Mais ce qu'il y a de pire encore, c'est le détournement des valeurs judaïques par les intégristes. C'est le travesti de piété de juifs déguisés toute l'année. Pas juste à Pourim. C'est, par-delà le danger sécuritaire que pose leur refus de servir, la mise en péril de ce qu'est véritablement l'identité juive, dans son esprit de lutte, même contre les anges, et dans sa bravoure. Je reviens d'une visite à Auschwitz, jeudi dernier. Pas d'exemptions là-bas ! Par le passé, j'ai eu le privilège d'assister à des cours du Rav Chaim Yaacov Rottenberg, guide spirituel de la yeshiva de la rue Pavée, à Paris. Un soir, il nous a parlé de son père, le grand-rabbin Markus Rottenberg de Cracovie, déporté et mort à Auschwitz.
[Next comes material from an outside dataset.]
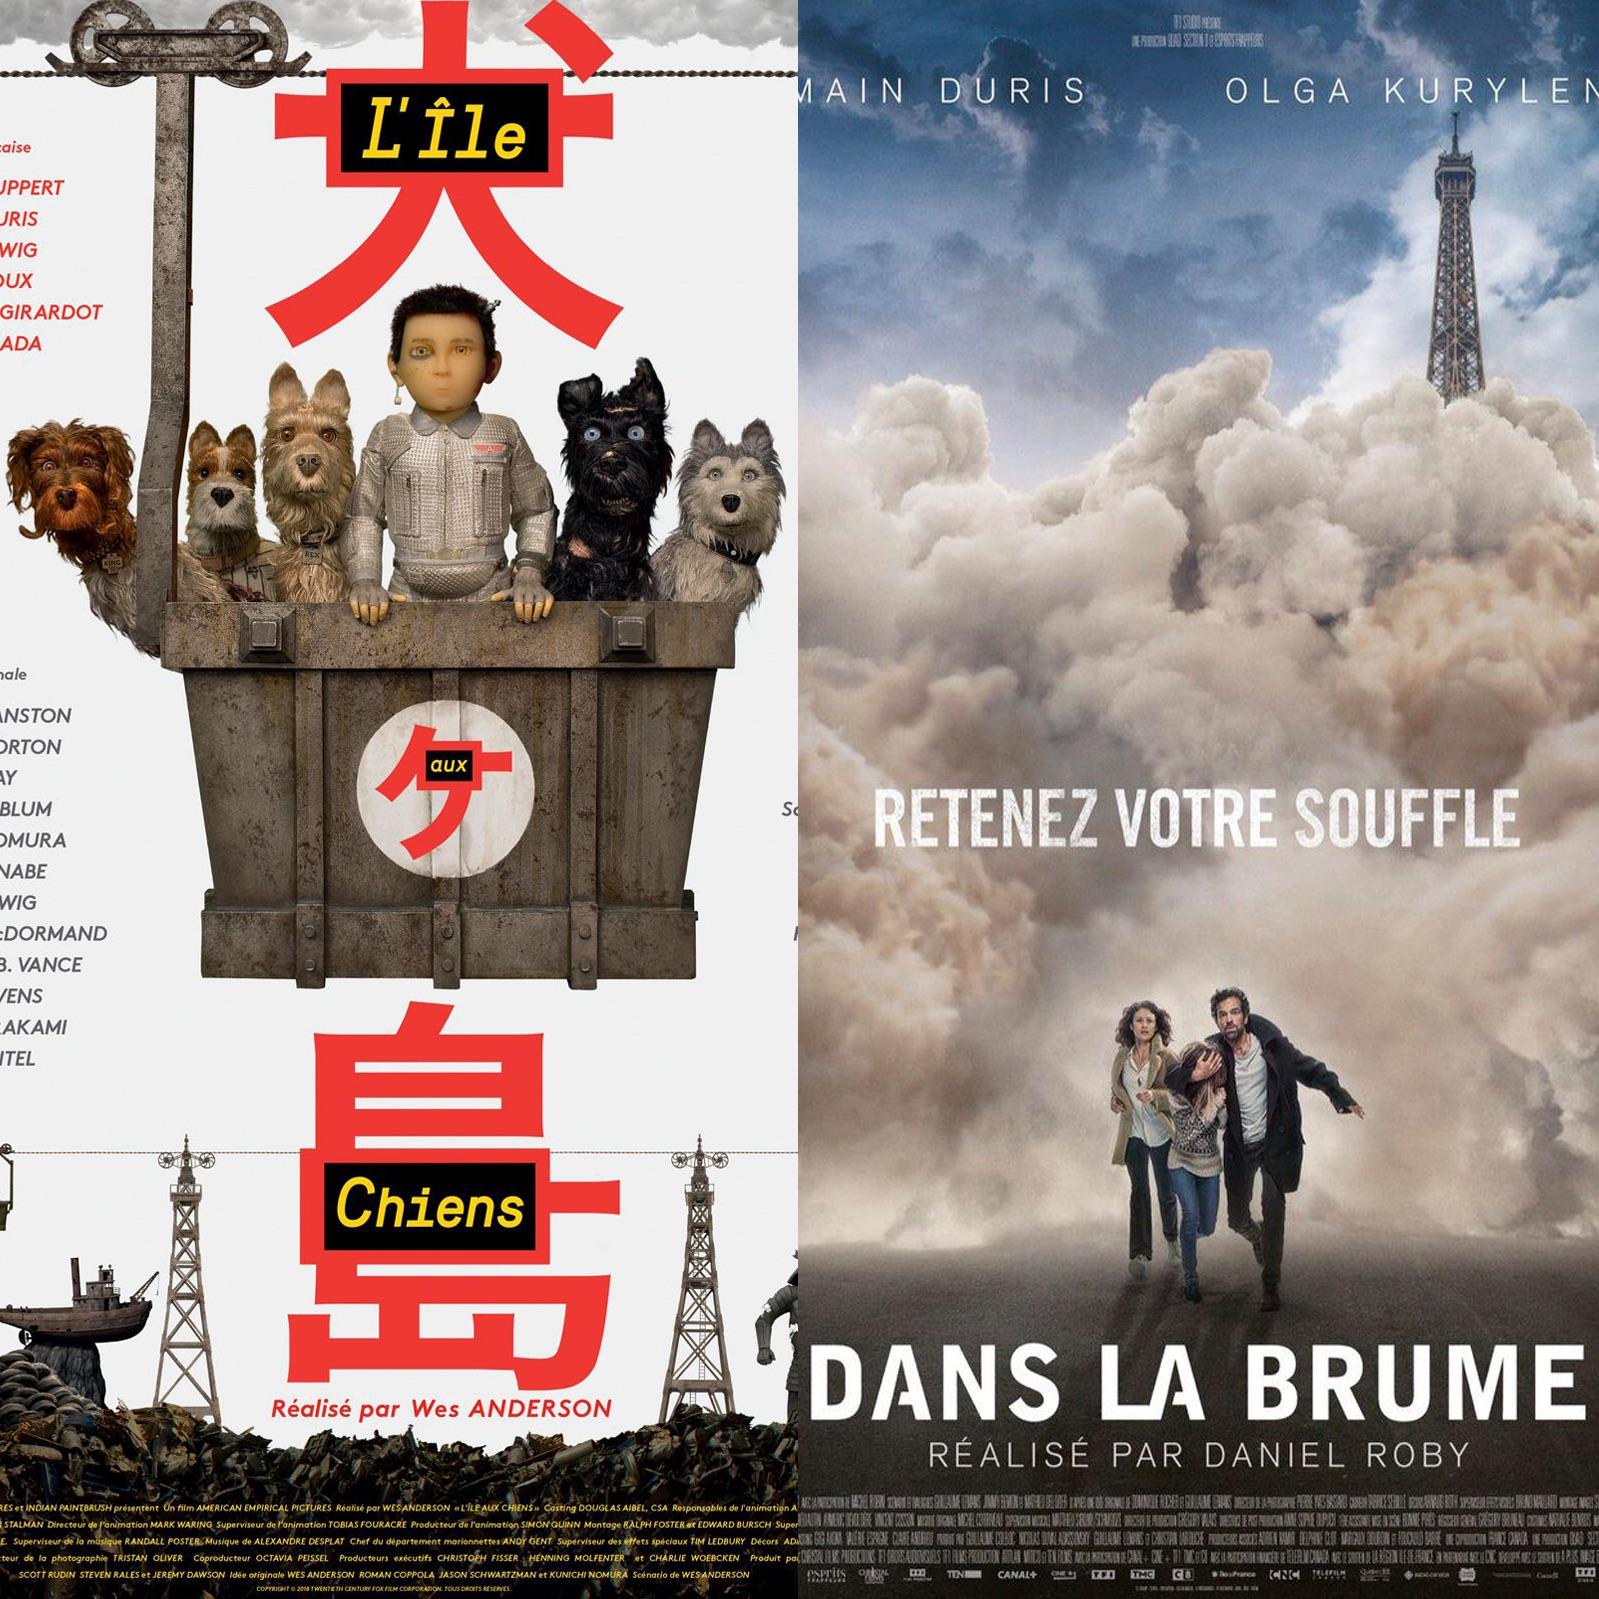 L'ÎLE AUX CHIENS (Isle of Dogs) & DANS LA BRUME : Chiennes de Villes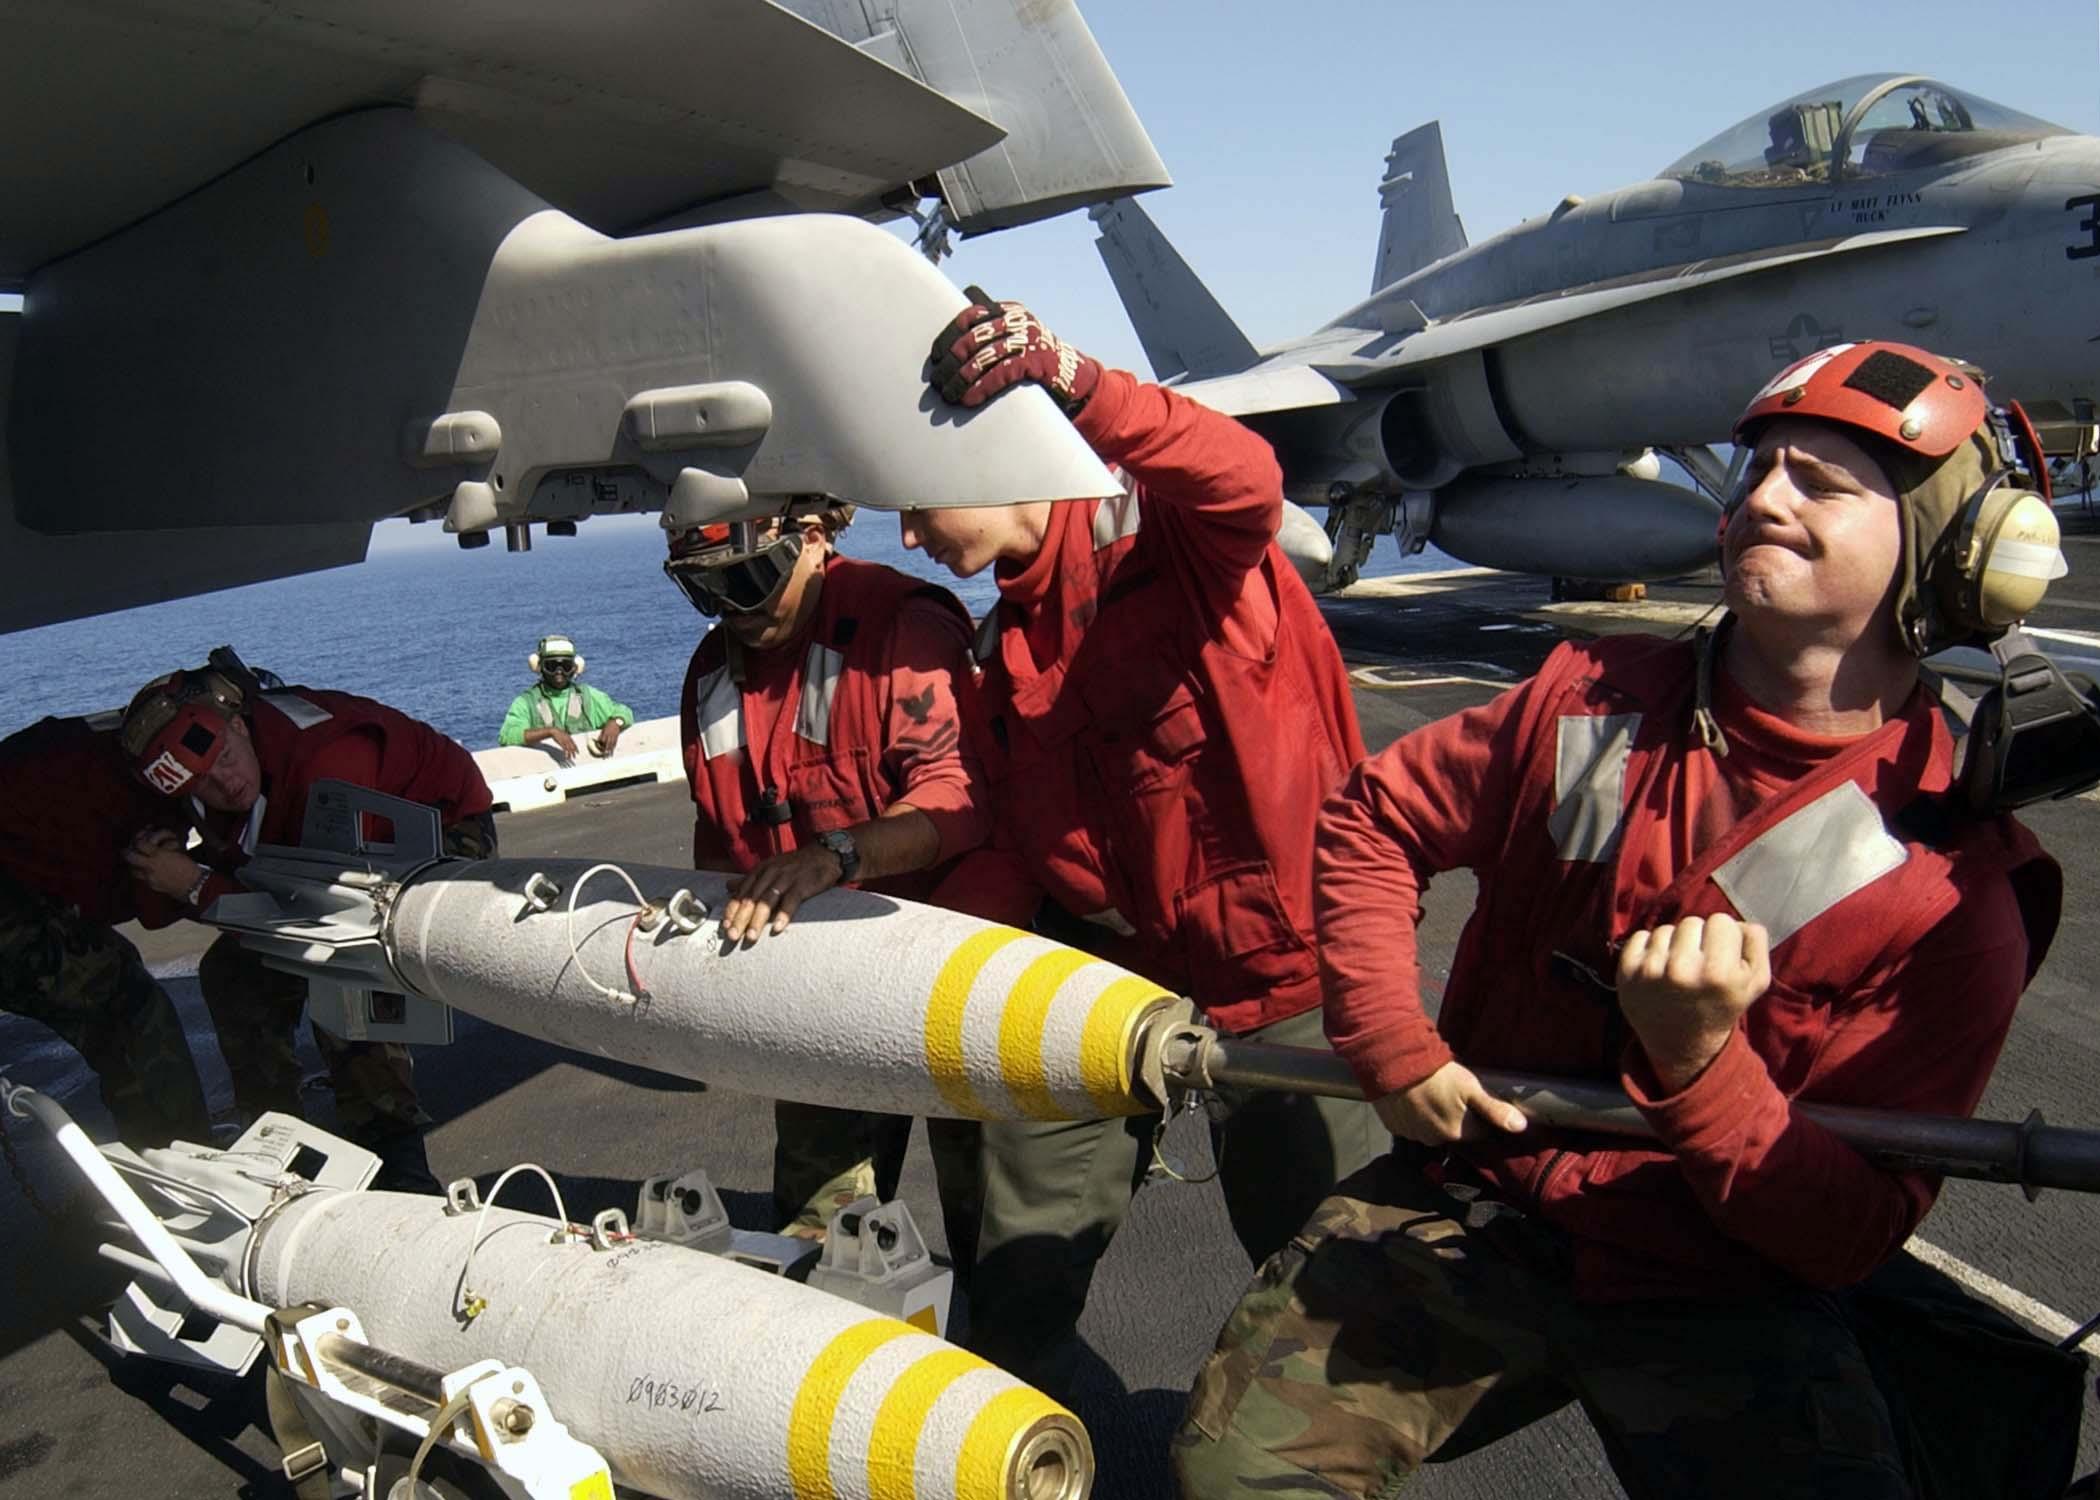 File:US Navy 040907-N-9293K-031 Aviation Ordnancemen load a 500lb

Il nous a raconté comment son père s'était efforcé de respecter les commandements et prescriptions jusqu'au bout, et aussi comment il s'était dévoué à aider les autres, à les soulager, à lutter pour leur dignité de juifs face aux SS. Jeudi dernier, devant les fours crématoires, je me suis souvenu de son héroïsme et j'ai eu honte. Honte de comment les déguisés de la foi juive insultent sa vénérable mémoire. Et celle de nos soldats tombés au combat.